Saturday, April 28, 2007

ARWANA, ALAM TAK LAGI MENYEDIAKAN

Dua puluh tahun silam, arwana (scleropages spp) diabaikan. Sekarang, nilai ekonomisnya melangit. Komersialisasi ikan hias ini sangat gencar. Orang-orang pun berlomba-lomba melakukan penangkaran untuk meraih keuntungan yang tinggi. Sementara di alam, populasinya sudah punah.

Matahari begitu terik. Lelaki paruh baya itu tak hirau. Ia terus menyusuri tanggul-tanggul kolam penangkaran arwananya. Ada sepuluh kolam. Masing-masing berisikan arwana jenis super red. “Harus dikontrol terus. Supaya ikan-ikan ini merasa dekat dengan kita,” kata H. Abdul Salam, pemilik penangkar arwana di Desa Nanga Suhaid, Kecamatan Suhaid, Kabupaten Kapuas Hulu, belum lama ini.

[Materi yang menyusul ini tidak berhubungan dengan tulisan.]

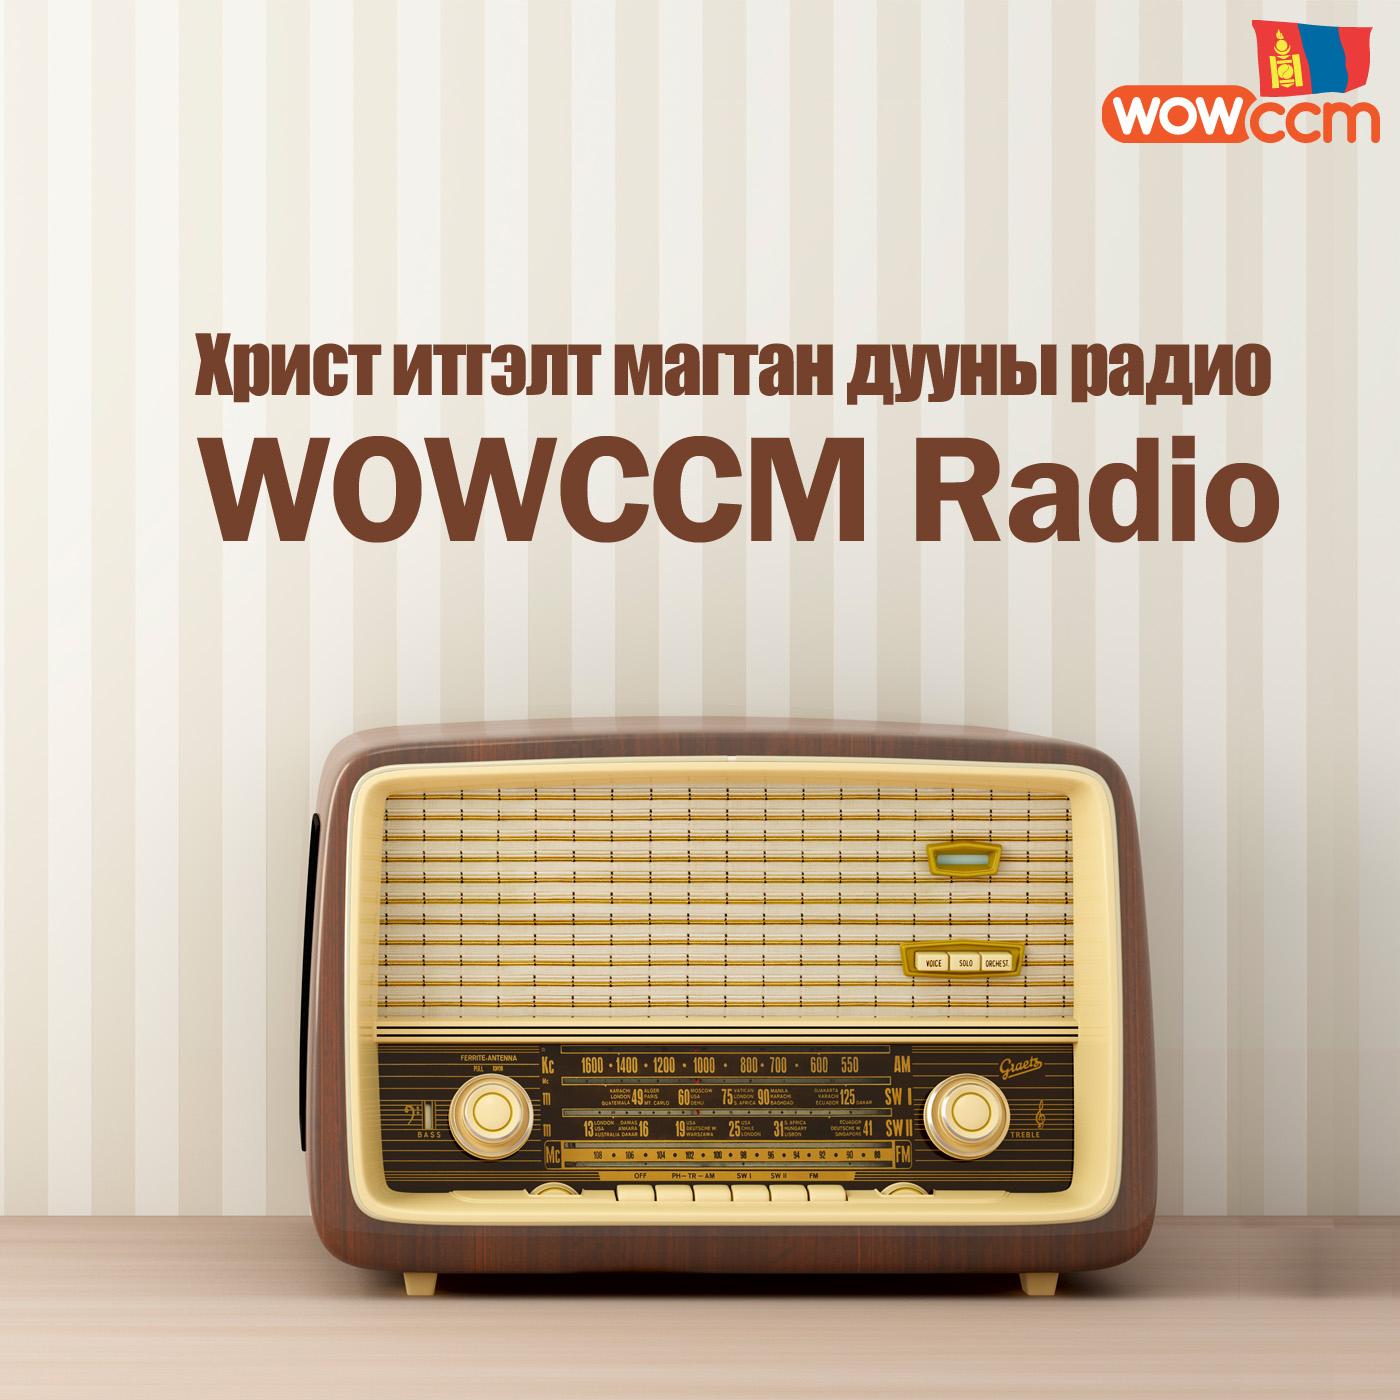 Christian magtan duunii radio WOWCCM
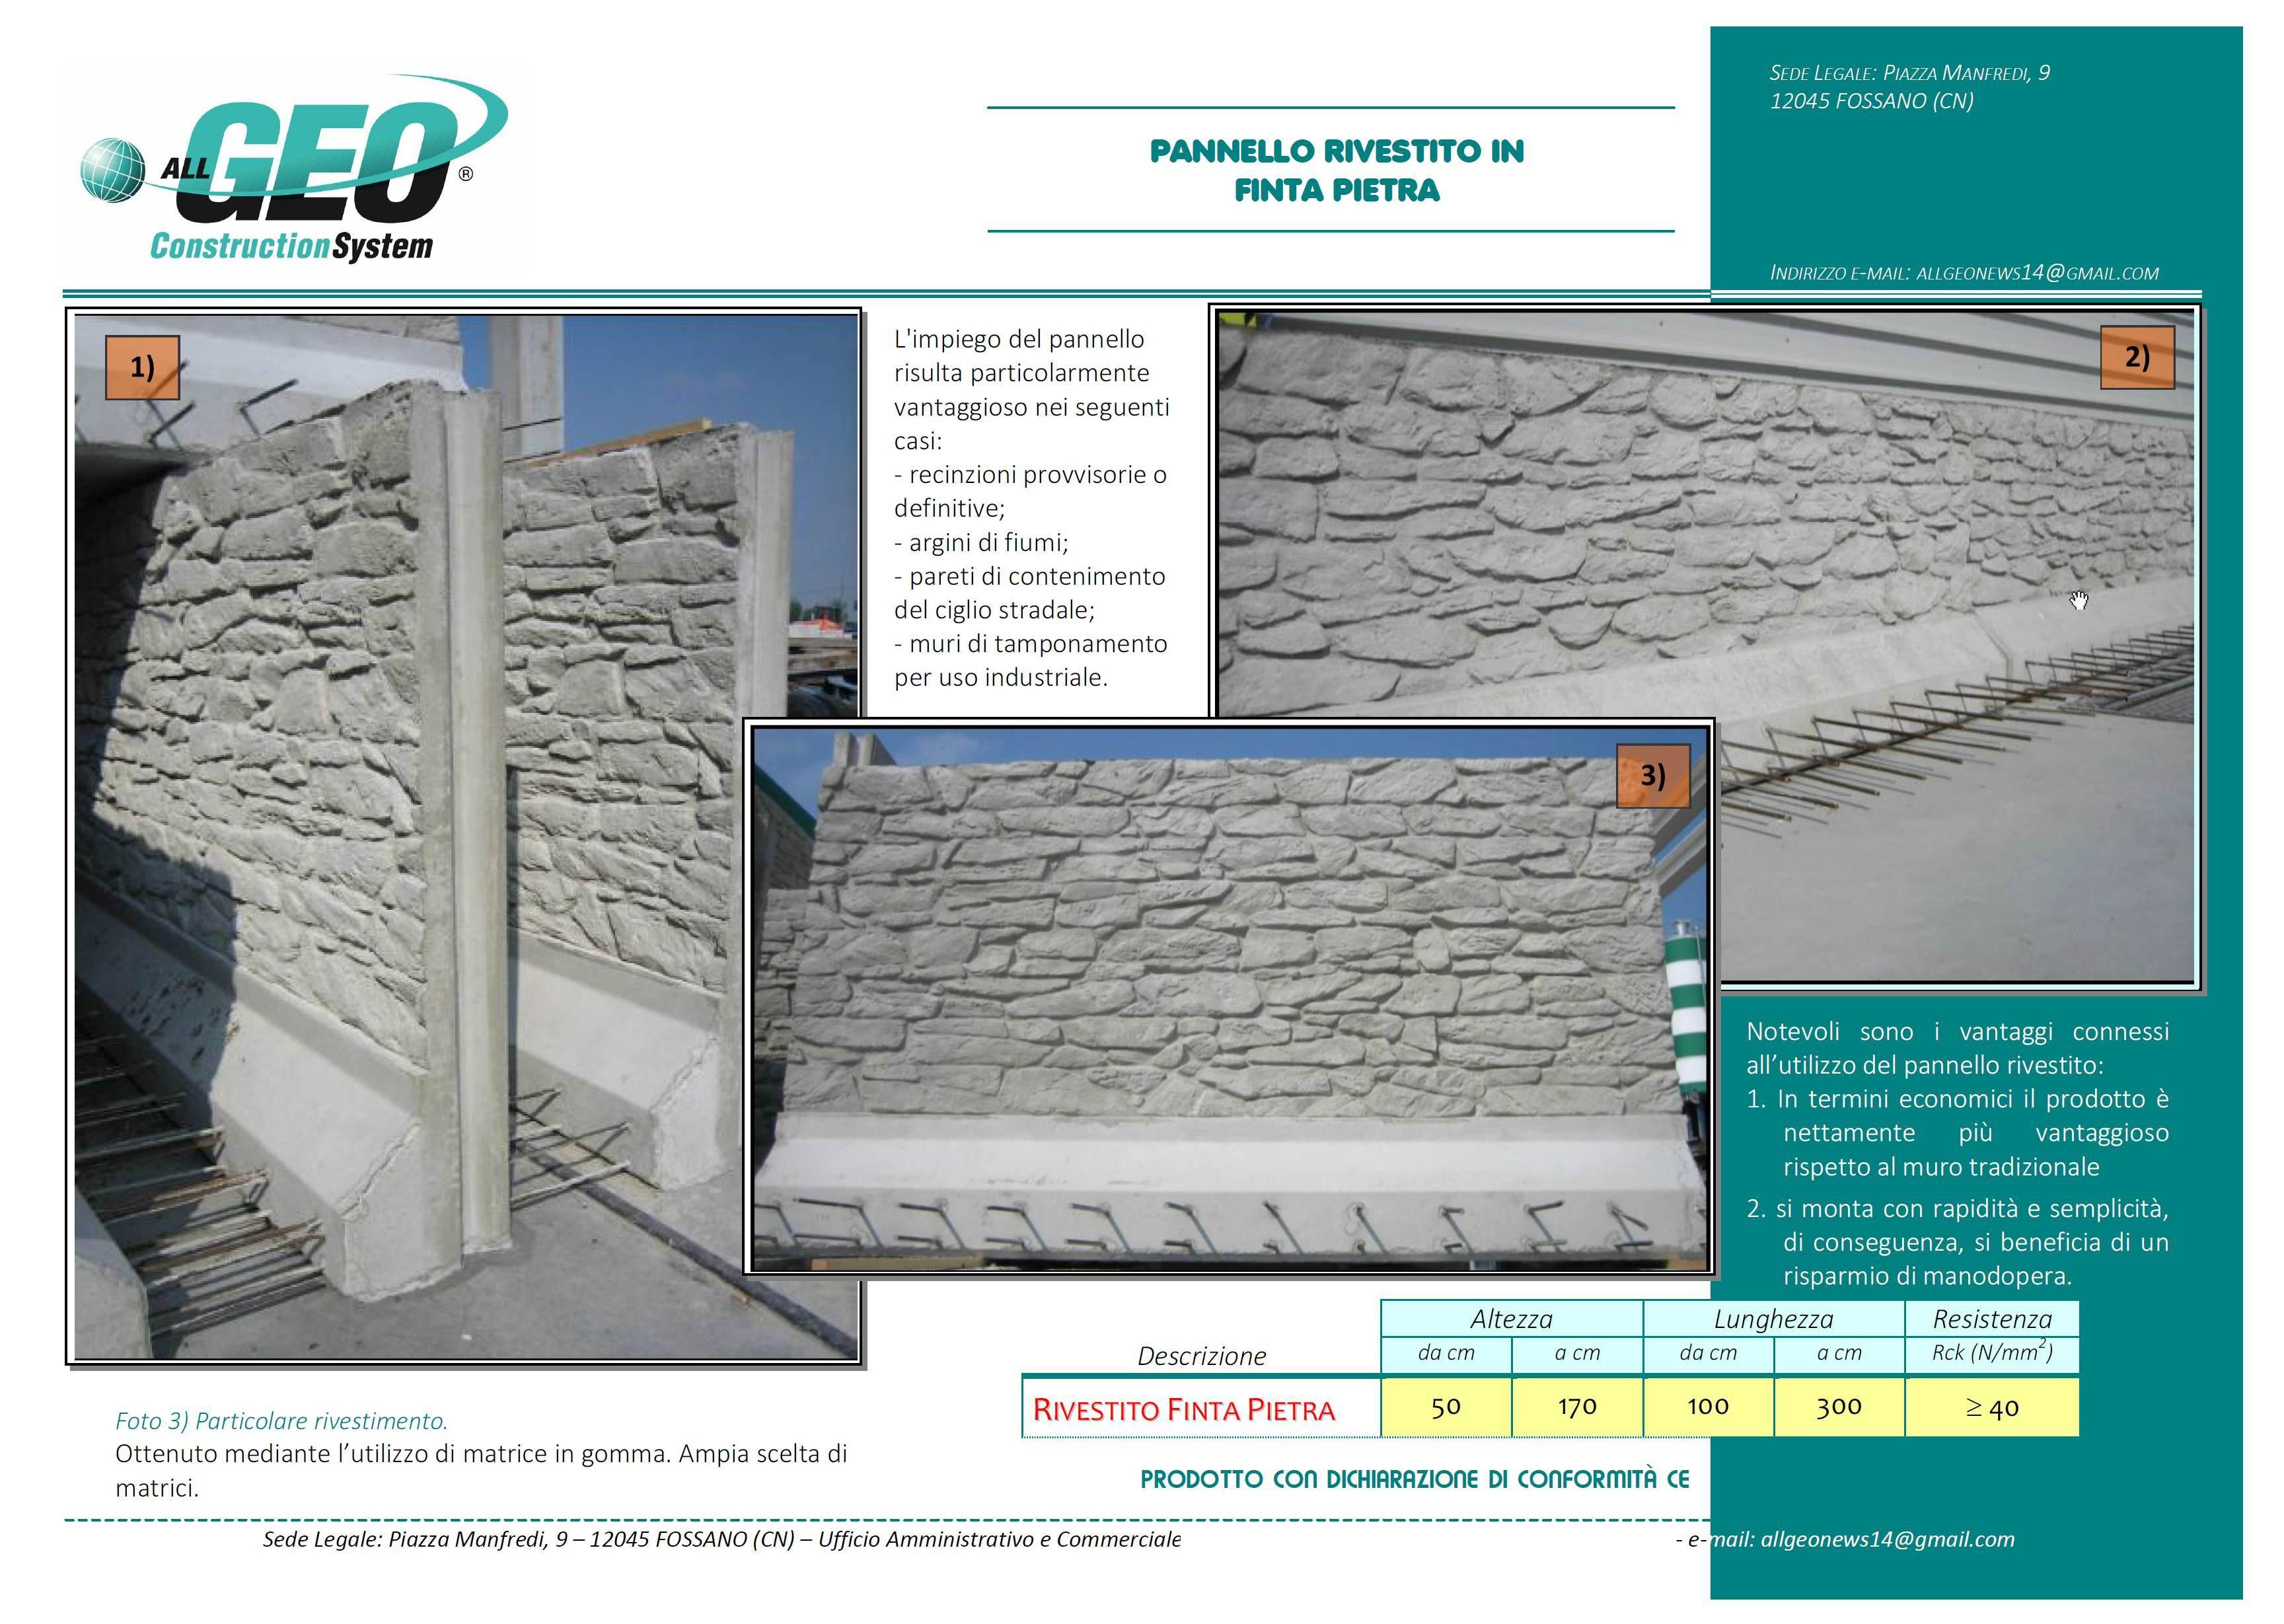 Paramento in finta pietra for Listino prezzi pannelli finta pietra

Arwana alias siluk populer sepuluh tahun terakhir. Keunikan warnanya membuat terpikat untuk mengoleksinya dalam aquarium. Imbasnya terjadi perburuan massal. Akibatnya populasinya di alam semakin tipis. Kini, ikan hias yang dianugerahi sisik indah ini sudah punah di alam. Upaya konservasi hanya dilakukan melalui penangkaran.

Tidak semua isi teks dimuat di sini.